I knew my chore, the quest, was not to be an easy one.

"Imp, what are you talking about? I thought that this thread went along pretty smoothly."

Smoothly, to me, does not involve taking "pot-shots". I dare not say more here. Tn, just wait until you see my next "over-reach"!

Still, though, appreciate that some understand. imp
 
Take your meds, imp. You seem to be a bit off planet with your observations.
Why would I be expecting discord going in? What was your discord provoking revelation?

I saw none.

All you said was that you are a bit irreligious.
That doesn't make you Robinson Crusoe.

Are you suggesting that I was taking pot shots at you?
I was not. I was engaging in dialogue.
 
Maybe because you are both expecting discord, going in.

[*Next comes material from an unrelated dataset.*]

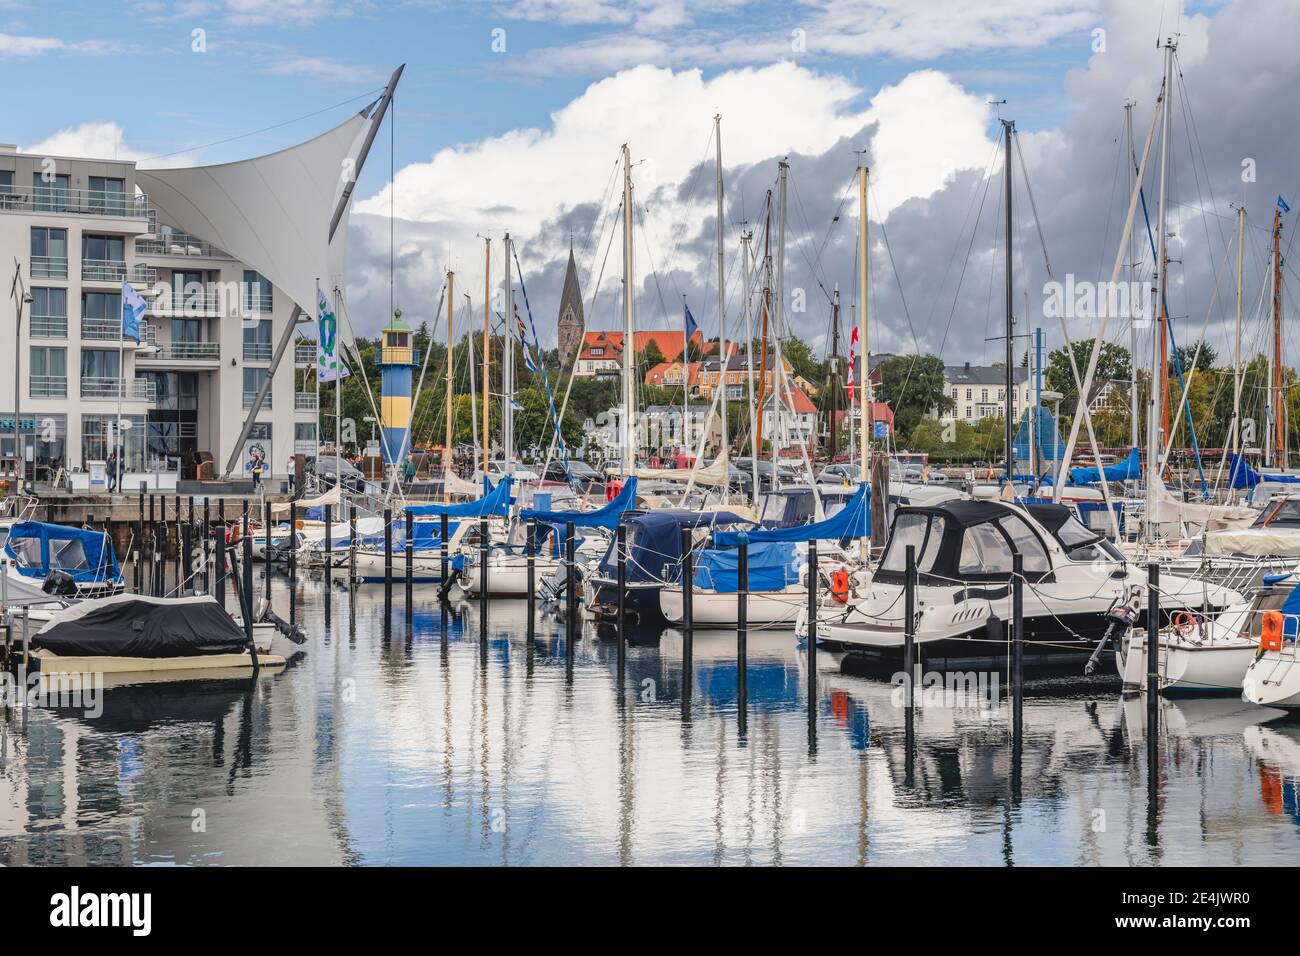 Alemania, Schleswig-Holstein, Eckernforde, varios barcos amarrados en el puerto de la ciudad Foto de stock

I was attempting to make a point tactfully, painlessly, if you will. I sense that process "back-fired". One near the "fringe" of the "fold" can almost feel changes in attitude, as they progress. That "one" is me. Poke, provoke, sometimes comes back to sting the behind. I wondered about that sensation for a day or two now, then the realization formed like the reverse of a dissipating vapor: it materialized from almost nothing. Folks were getting pissed-off at me, blunt before tact. PMs ceased, no email, many went on vacation.

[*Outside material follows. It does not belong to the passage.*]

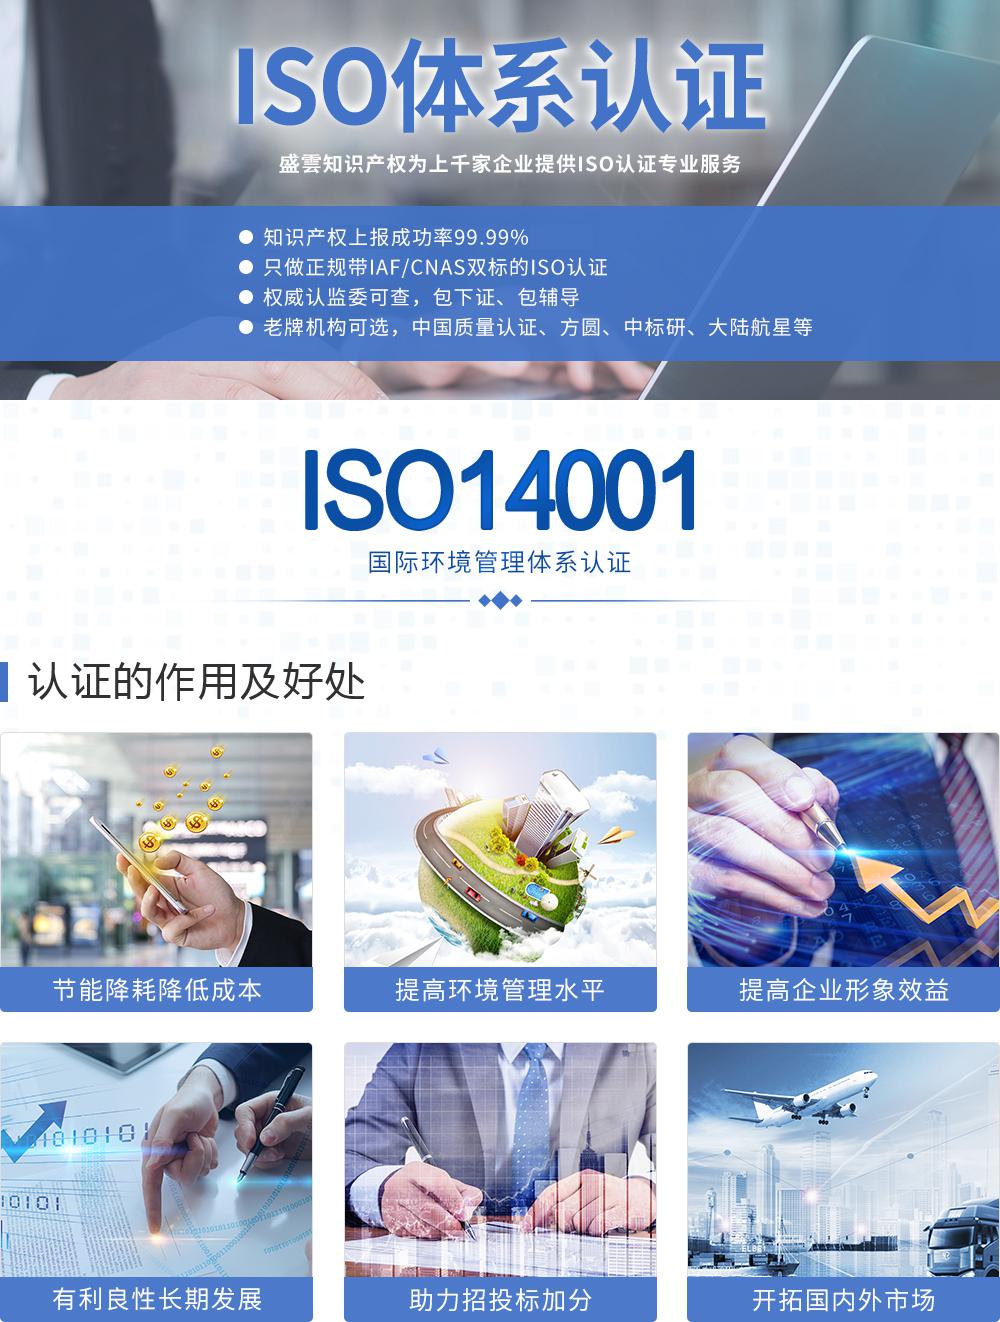 ISO14001環境管理體系保定盛雲知識產權代理有限公司

I knew my chore, the quest, was not to be an easy one.

"Imp, what are you talking about? I thought that this thread went along pretty smoothly."

Smoothly, to me, does not involve taking "pot-shots". I dare not say more here. Tn, just wait until you see my next "over-reach"!

Still, though, appreciate that some understand. imp

Well, I'm puzzled but at least you seem to know what's going on with you. g'day.
 
"By the way... what are we talking about??"